Here is my test data, and here is one attempt of many of me floundering with ranking.
/****** Script for SelectTopNRows command from SSMS ******/
DECLARE @SomeTable TABLE
(
loginId VARCHAR(255),
tractorId VARCHAR(255),
messageTime DATETIME,
driverStatus VARCHAR(2)
);
INSERT INTO @SomeTable (loginId, tractorId, messageTime, driverStatus)

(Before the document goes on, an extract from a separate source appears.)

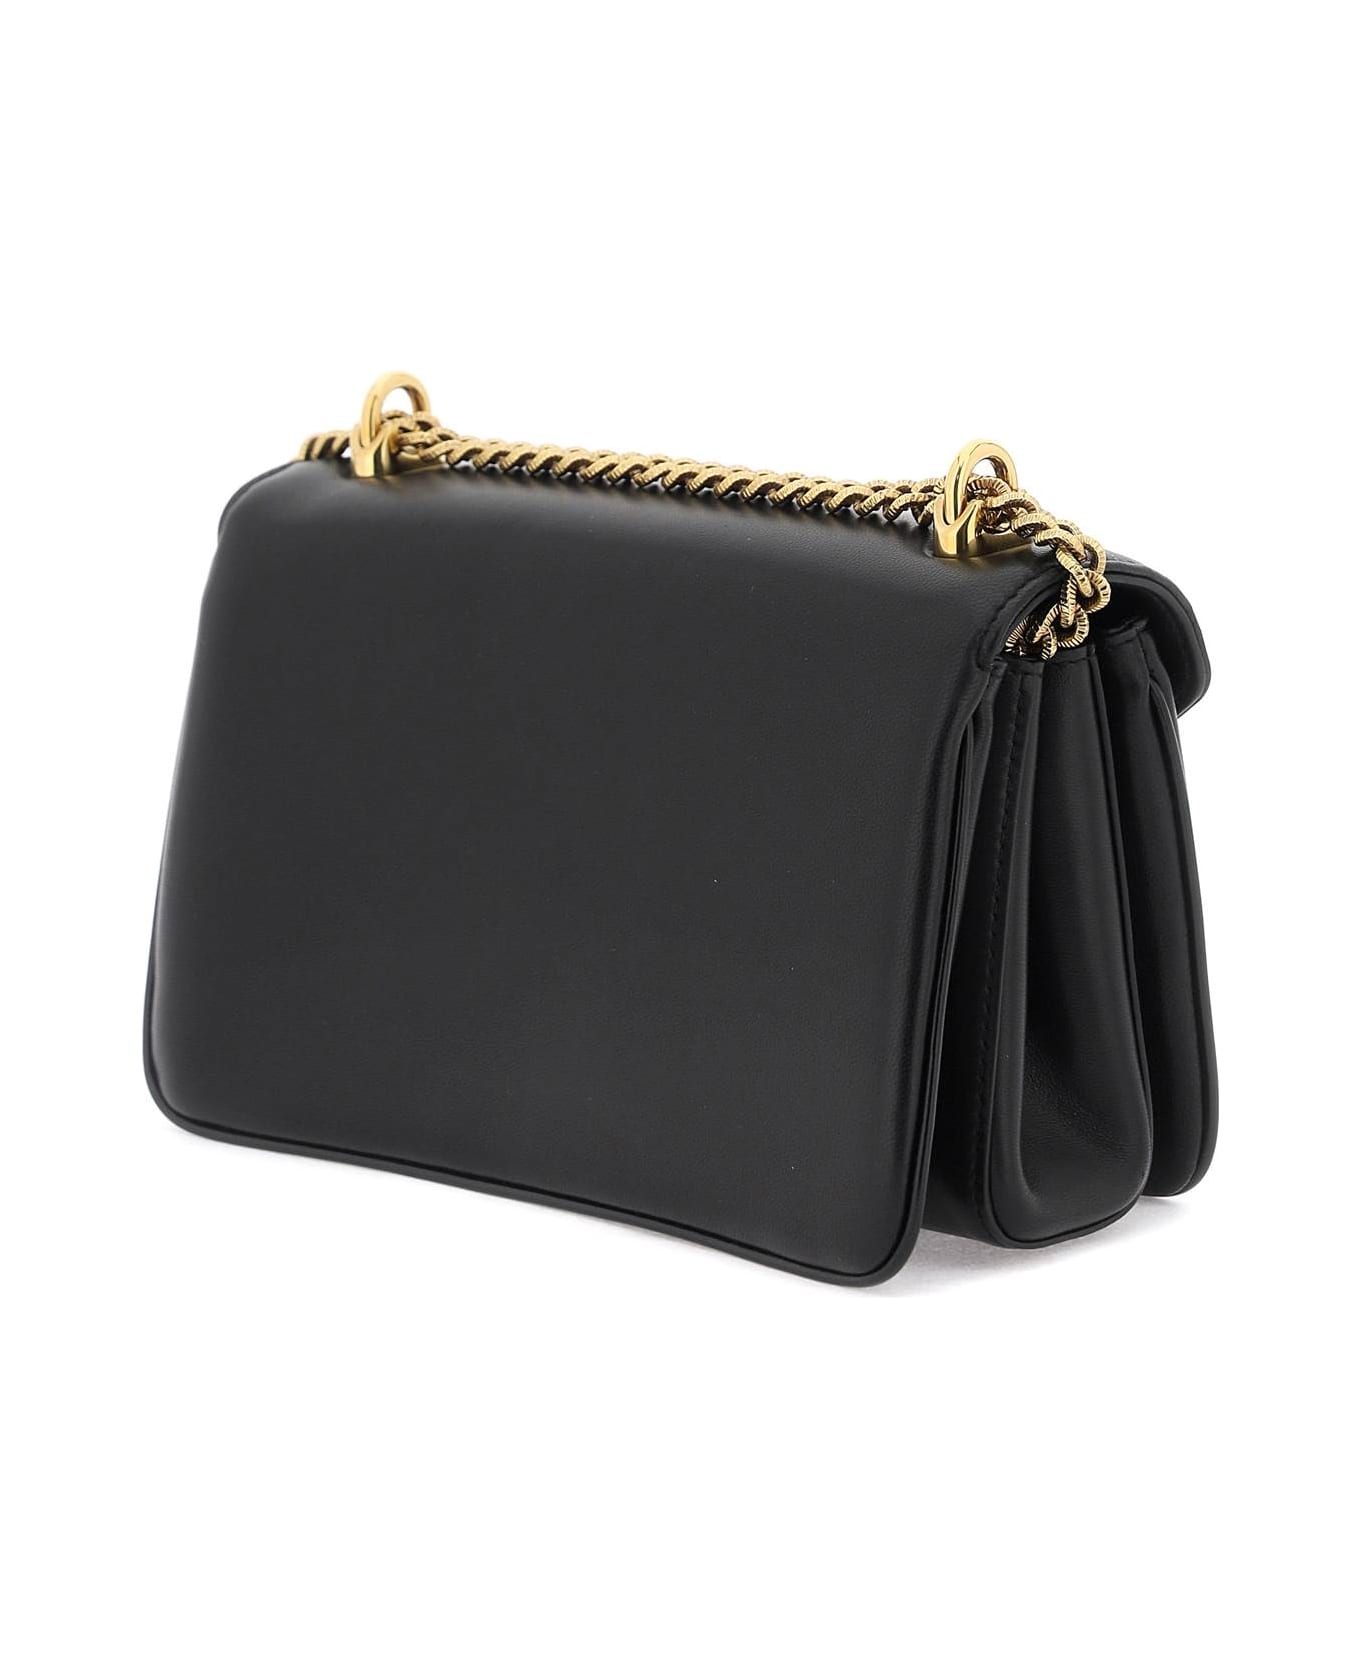 Dolce & Gabbana Black Nappa Leather Devotion Shoulder Bag - Black ショルダーバッグ

VALUES('driver35','23533','2018-08-10 8:33 AM','2'),
('driver35','23533','2018-08-10 8:37 AM','2'),
('driver35','23533','2018-08-10 8:56 AM','2'),
('driver35','23533','2018-08-10 8:57 AM','1'),
('driver35','23533','2018-08-10 8:57 AM','1'),
('driver35','23533','2018-08-10 8:57 AM','1'),
('driver35','23533','2018-08-10 9:07 AM','1'),
('driver35','23533','2018-08-10 9:04 AM','1'),
('driver35','23533','2018-08-12 8:07 AM','3'),
('driver35','23533','2018-08-12 8:37 AM','3'),
('driver35','23533','2018-08-12 9:07 AM','3'),
('driver35','23533','2018-06-12 8:07 AM','2'),
('driver35','23533','2018-06-12 8:37 AM','2'),
('driver35','23533','2018-06-12 9:07 AM','2')
;
SELECT *, DENSE_RANK() OVER(PARTITION BY
loginId, tractorId, driverStatus
ORDER BY messageTime ) FROM @SomeTable
;
My end result would ideally look something like this:
loginId tractorId startTime endTime driverStatus
driver35 23533 2018-08-10 8:33 AM 2018-08-10 8:56 AM 2
driver35 23533 2018-08-10 8:57 AM 2018-08-10 9:07 AM 1
driver35 23533 2018-08-12 8:07 AM 2018-08-12 9:07 AM 3
Any help on this is greatly appreciated.
WITH drivers_data AS
(
SELECT *,
row_num = ROW_NUMBER()
OVER (PARTITION BY loginId,
tractorId,
CAST(messageTime AS date),
driverStatus
ORDER BY messageTime),
row_num_all = ROW_NUMBER()
OVER (PARTITION BY loginId,
tractorId
ORDER BY messageTime),
first_date = FIRST_VALUE (messageTime)
OVER (PARTITION BY loginId,
tractorId,
CAST(messageTime AS date),
driverStatus
ORDER BY messageTime),
last_date = LAST_VALUE (messageTime)
OVER (PARTITION BY loginId,
tractorId,
CAST(messageTime AS date),
driverStatus
ORDER BY messageTime
ROWS BETWEEN CURRENT ROW AND UNBOUNDED FOLLOWING)
FROM @t
)
SELECT loginId, tractorId, first_date, last_date, driverStatus
FROM drivers_data
WHERE row_num = 1
ORDER BY row_num_all;
OUTPUT:
+==========+===========+=====================+=====================+==============+ | loginId | tractorId | first_date | last_date | driverStatus | |==========|===========|=====================|=====================|==============| | driver35 | 23533 | 2018-10-08 08:33:00 | 2018-10-08 08:56:00 | 2 | |----------|-----------|---------------------|---------------------|--------------| | driver35 | 23533 | 2018-10-08 08:57:00 | 2018-10-08 09:07:00 | 1 | |----------|-----------|---------------------|---------------------|--------------| | driver35 | 23533 | 2018-12-06 08:07:00 | 2018-12-06 09:07:00 | 2 | |----------|-----------|---------------------|---------------------|--------------| | driver35 | 23533 | 2018-12-08 08:07:00 | 2018-12-08 09:07:00 | 3 | +----------+-----------+---------------------+---------------------+--------------+
I will try to explain what's going on here:
- row_num This is for numbering rows which are restricted by date and status of the driver. We need casting since we need date part without time.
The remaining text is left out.